Rain In The Cloud Markets May Have Created Buying Opportunity

 | Oct 17, 2019 01:32AM ET

Workday’s (NASDAQ:WDAY) disappointing analyst day sent fear rippling through the sector, punishing cloud stocks throughout the market. The company maintained its full-year guidance but hinted at topline deceleration. Signs of a topline slowdown for a firm that sports such hefty valuation multiples was a red flag for investors. WDAY plummeted over 11% yesterday and continues to decline in morning trading.

The double-digit revenue multiples that these cloud stocks have been donning may be in excess of what they are worth. Valuation concerns have been haunting stocks and investors alike in the second half of this year as the markets attempt to correct any overly rich multiples.

This broader cloud decline driven by Workday concerns is overplayed for a couple of reasons.

One, the cloud industry can’t be so easily lumped together as the space is incredibly heterogeneous, with the only real similarity being the way the products are deployed. Workday’s primary product offering is its cloud-based human capital management or HCM, though it offers some other enterprise software solutions.

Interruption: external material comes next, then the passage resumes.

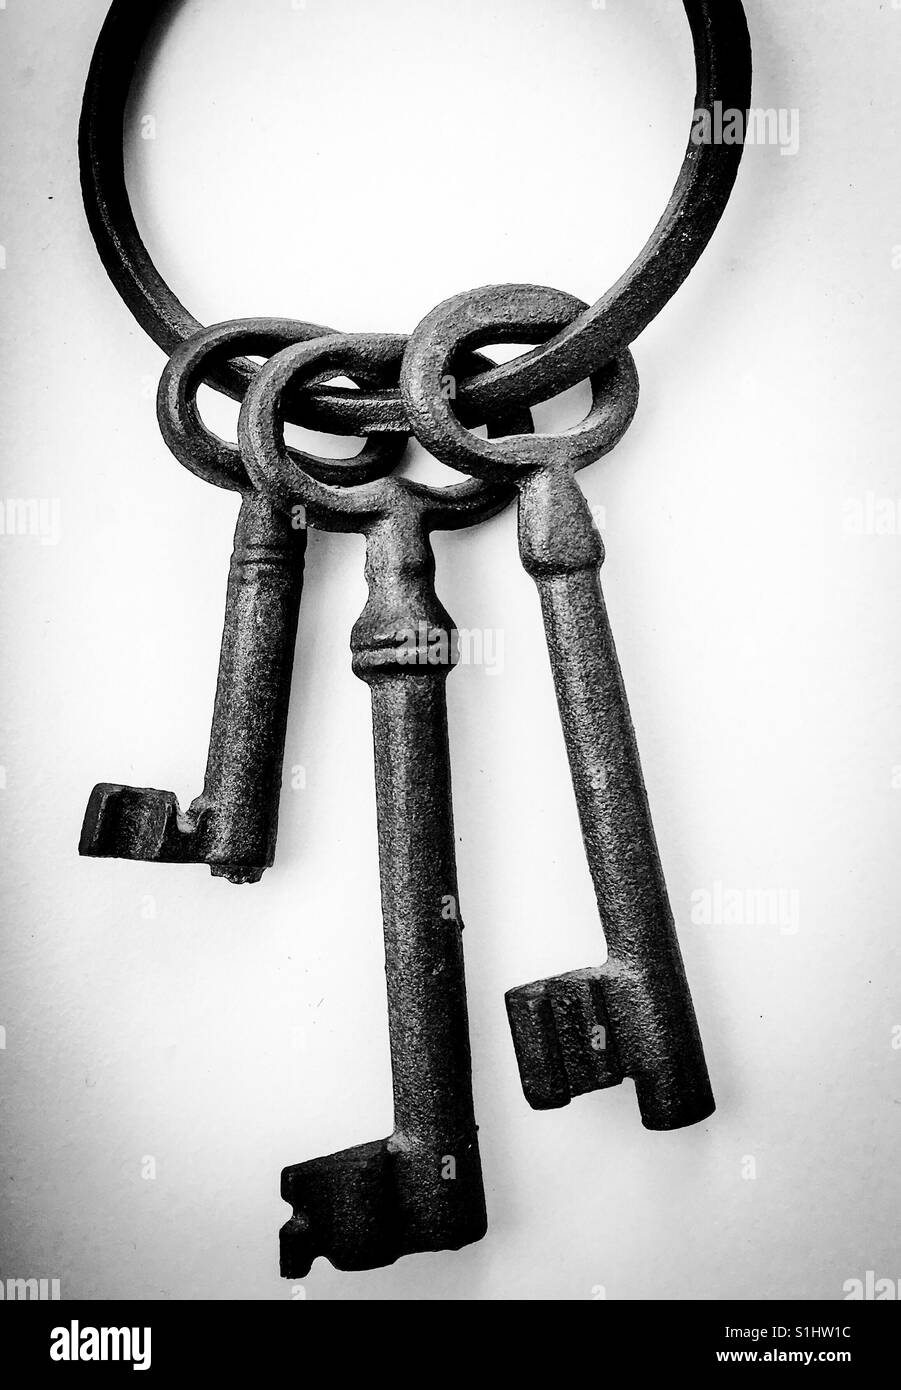 Große alte altmodische Schlüssel auf Metall Schlüsselanhänger

Cloud-based HCM is a particular enterprise cloud segment that doesn’t necessarily have any correlation with the broader category. There were other company-specific concerns like acquisition delays and deceleration due to substantial market penetration.

Workdays management team is also in question having missed on 4 of the last 5 quarterly EPS estimates. Management is either not doing an adequate job communicating to analysts or management themselves are surprised by the results. Either way, this demonstrates a management team that doesn’t effectively communicate to the public. The guidance that was presented at WDAY’s analyst meeting may have been ill-advised.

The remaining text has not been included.